*DATA*
◇ ◇ ◇ ◇ ◇

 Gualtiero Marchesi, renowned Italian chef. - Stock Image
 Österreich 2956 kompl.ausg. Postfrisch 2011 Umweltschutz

◇ ◇ ◇ ◇ ◇

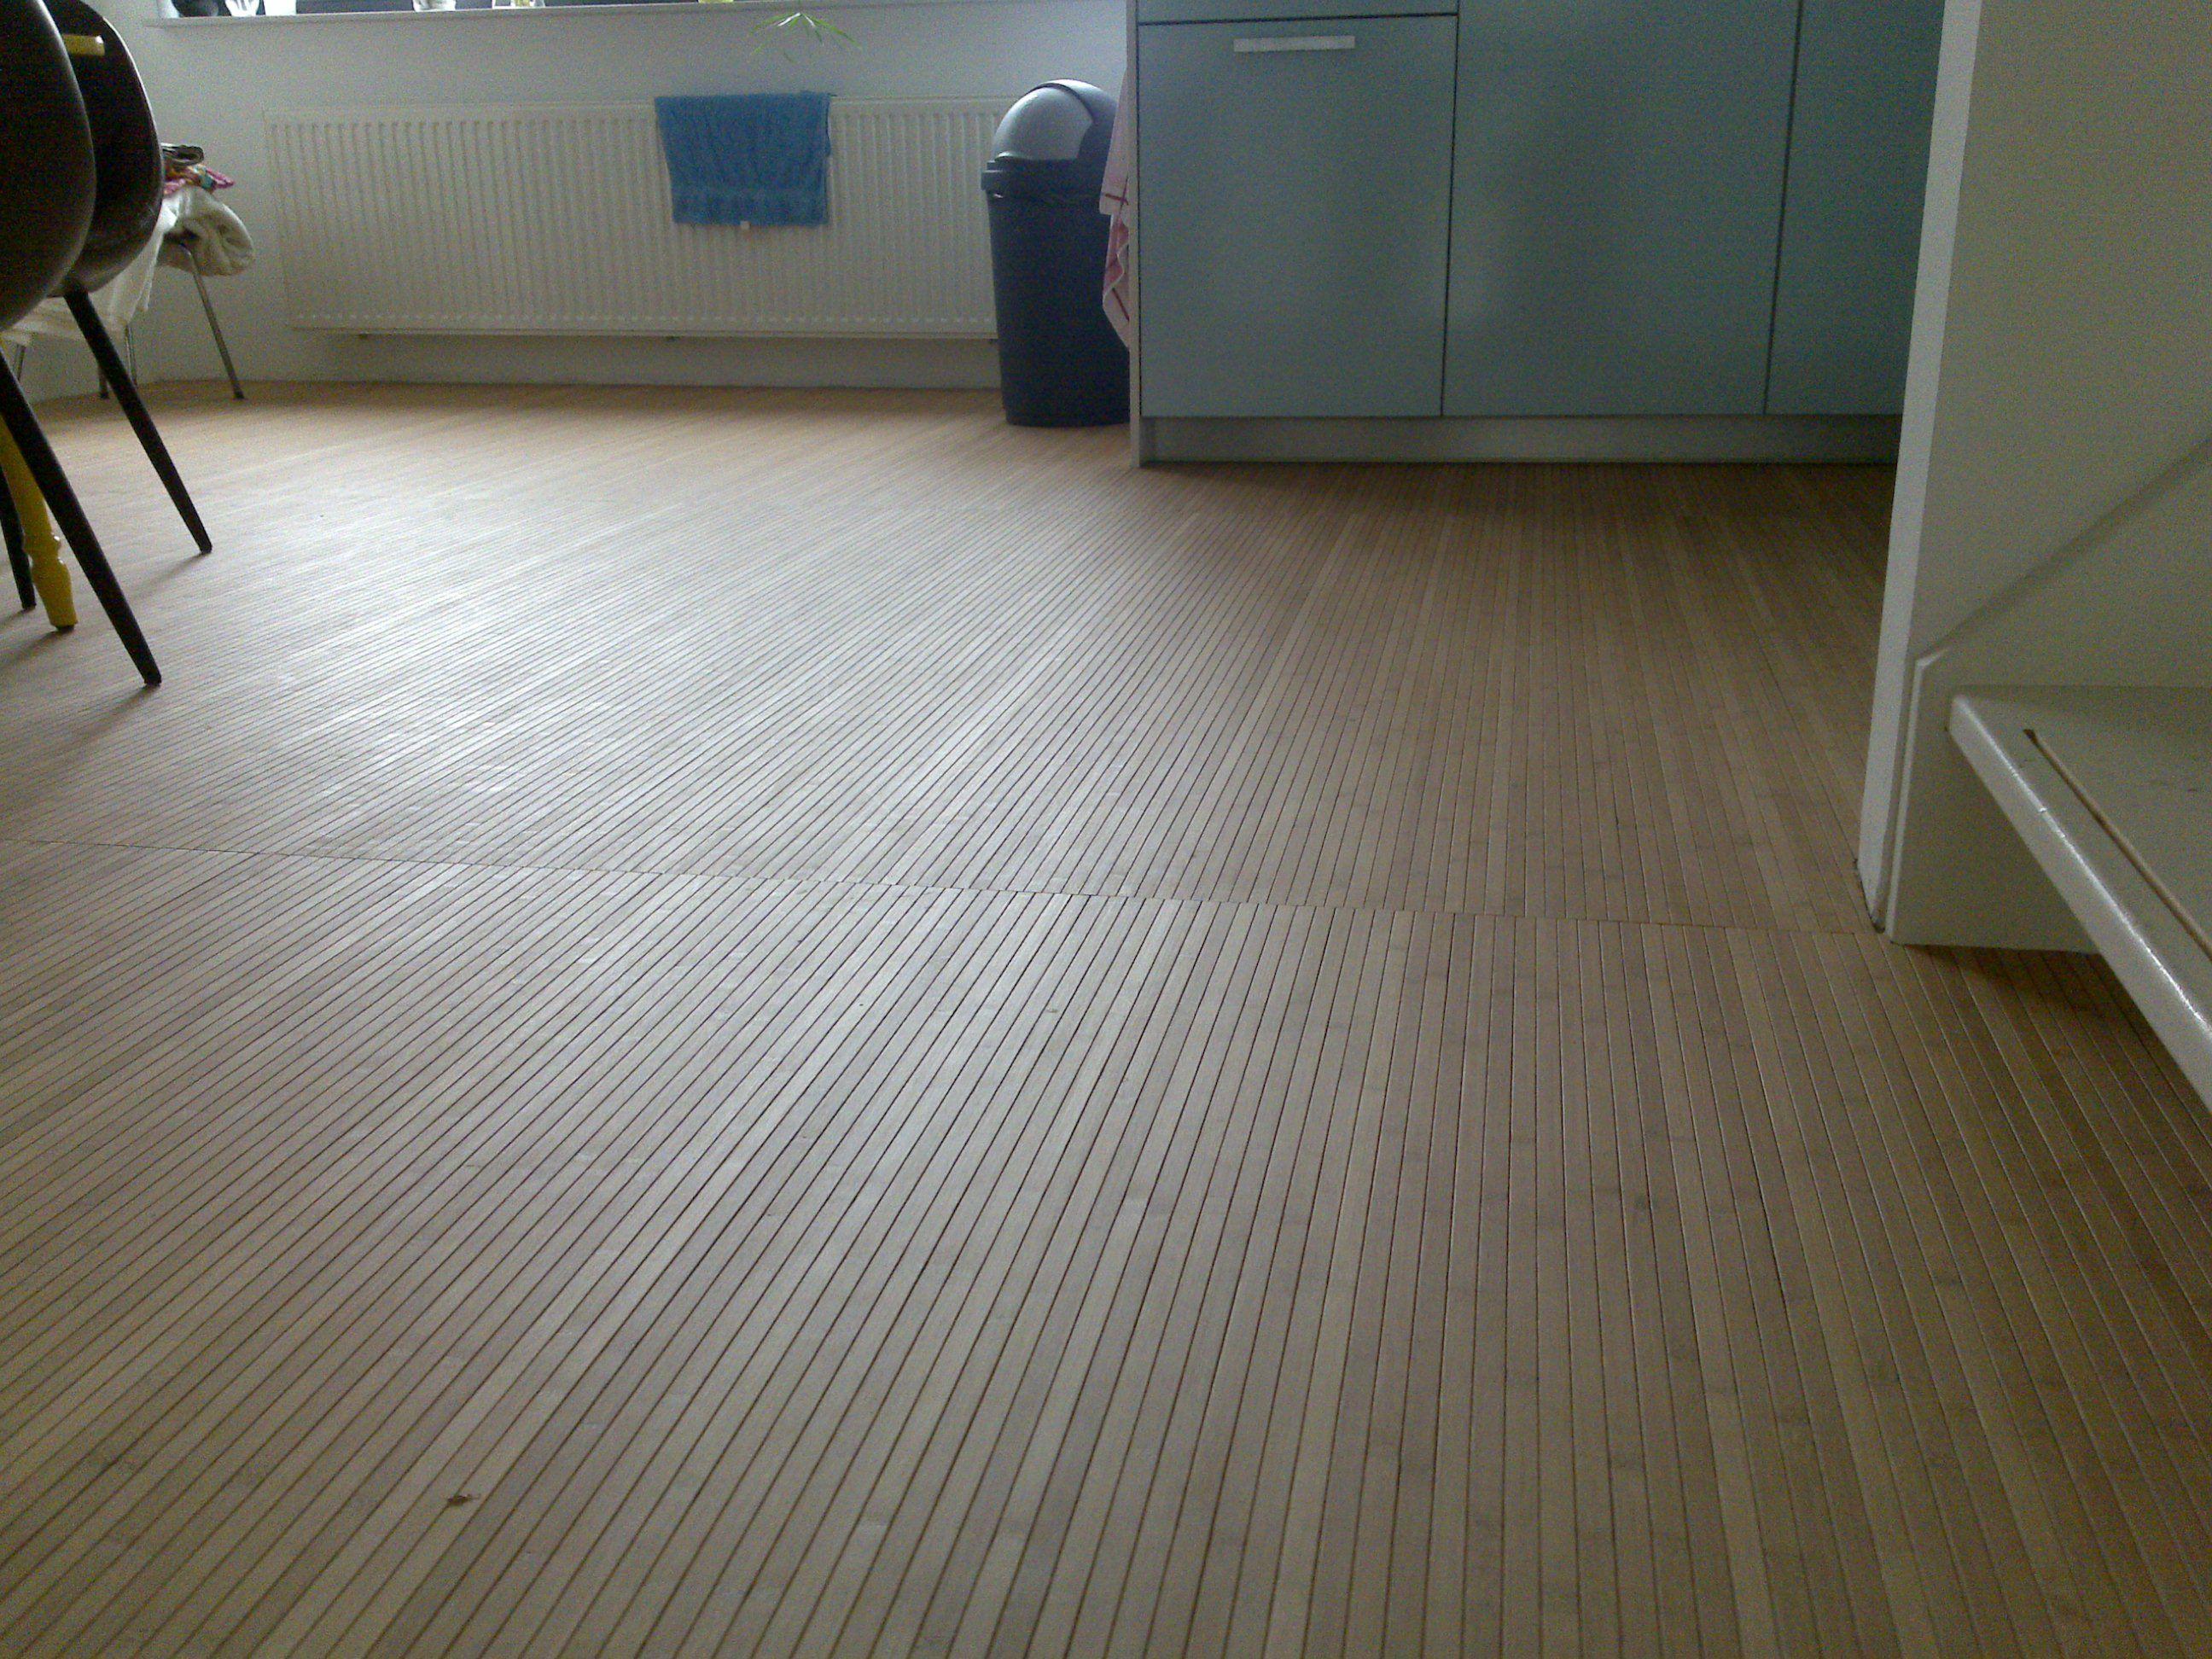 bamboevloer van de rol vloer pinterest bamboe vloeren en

◇ ◇ ◇ ◇ ◇

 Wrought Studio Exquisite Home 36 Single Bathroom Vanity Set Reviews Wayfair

◇ ◇ ◇ ◇ ◇

*WORK ORDER*
Of the lines above, extract only those from the line with "Gualtiero Marchesi, renowned" to the line with "Österreich 2956 kompl.ausg.", both included, exactly as written.

*EXERCISE RESPONSE*
 Gualtiero Marchesi, renowned Italian chef. - Stock Image
 Österreich 2956 kompl.ausg. Postfrisch 2011 Umweltschutz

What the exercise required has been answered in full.